Question

A body is thrown vertically upwards with `55` `ms^-1`. What is the distance travelled in the `6th` second?

Answer 1

Finding the difference between the position at `t=5` and `t=6` `s` we discover that the displacement is `1.1` `m` but the distance traveled is `2.59` `m`. This is because the peak of the trajectory occurs during the `6th` second.

Explanation:

At `t=5` `s`:

`s=ut+1/2at^2 = 55(5)+1/2(-9.8)5^2`
`=275-122.5=152.5` `m`

At `t=6` `s`:

`s=ut+1/2at^2 = 55(6)+1/2(-9.8)6^2`
`=330-176.4=153.6` `m`

Subtracting the distance at 5 from the distance at 6, we see:

`153.6-152.5=1.1` `m`

This might seem surprising, given the initial velocity, but the object is approaching the peak of its trajectory.

Just for interest, let's calculate the time at the peak.

At the highest point, the velocity is zero.

Use the equation:

`v=u+at`

Rearrange to make `t` the subject:

`t=(v-u)/a=(0-55)/(-9.8)=5.61` `s`

Wait: that means that the object peaked during the 6th second! It's a bit a of a trick question, and the method outlined above is not accurate. The object actually moved upward somewhat and downward somewhat during the 6th second, so the total distance traveled is greater than we calculated.

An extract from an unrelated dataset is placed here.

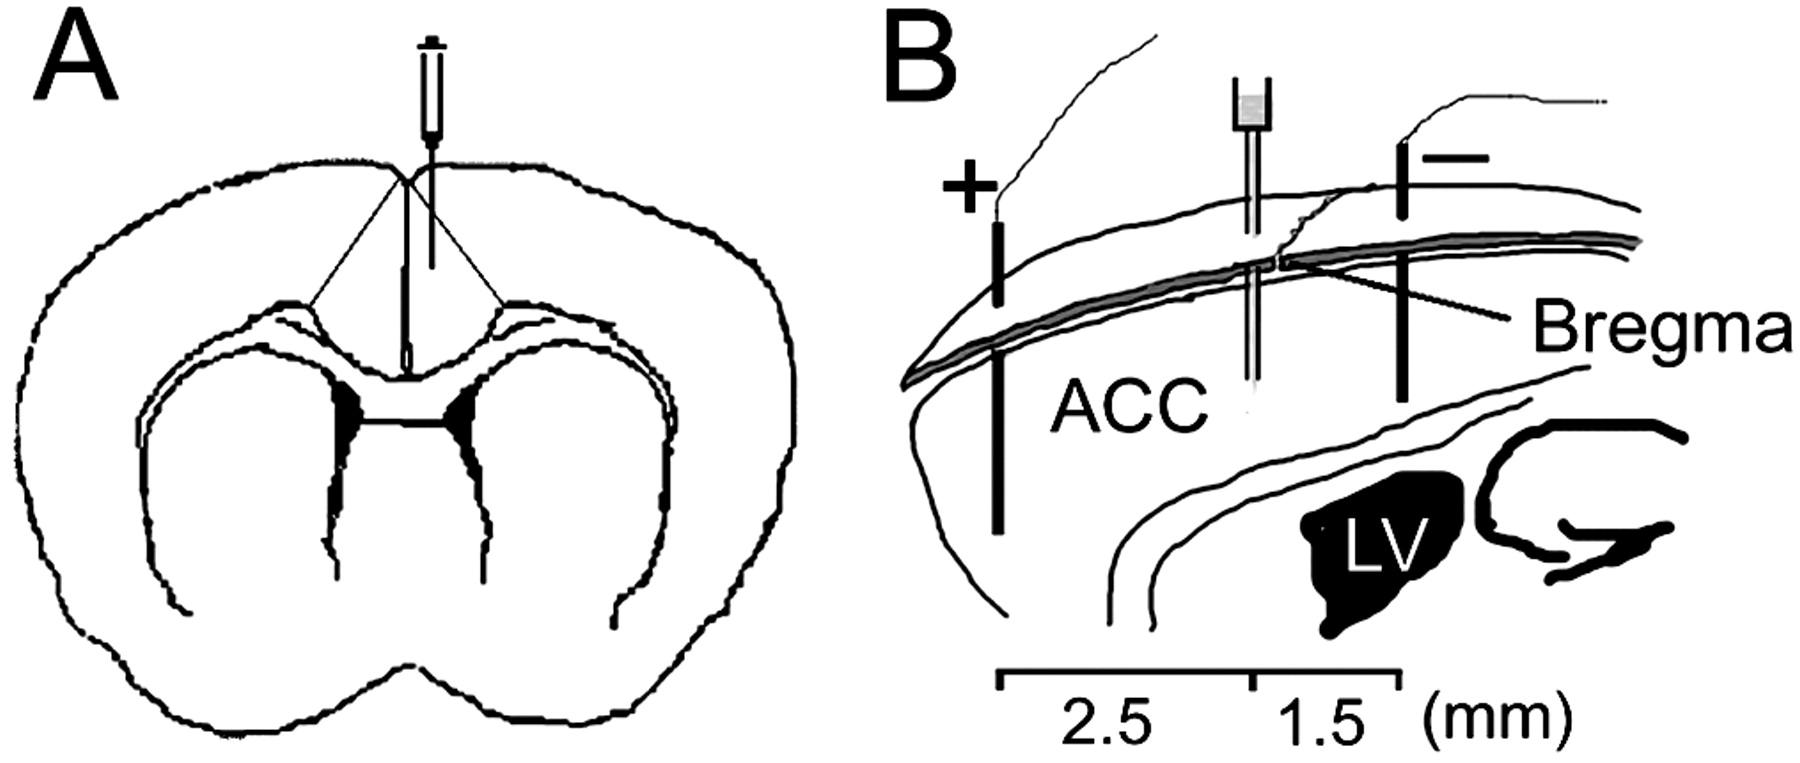 Calmodulin Regulates Synaptic Plasticity In The Anterior Cingulate

We need a more complicated approach. Let's find the height at the peak, when `t=5.61` `s`:

`s=ut+1/2at^2=55(5.61)+1/2(-9.8)(5.61)^2=308.55-154.21=154.34` `m`

So from `t=5` to `t=5.61` the object moves up from `152.5` to `154.34`, a distance of `1.85` `m`.

From `t=5.61` to `t=6`, it moves downward from `154.34 to 153.6`, a distance of `0.74` `m`.

Adding these distances together, we get `2.59` `m`.

Why the different answers? The question asks us the distance traveled in the `6th` second, which is `2.59` `m`. If we were asked the displacement: the difference between its positions at `t=5` and `t=6`, the correct answer would be `1.1` `m`.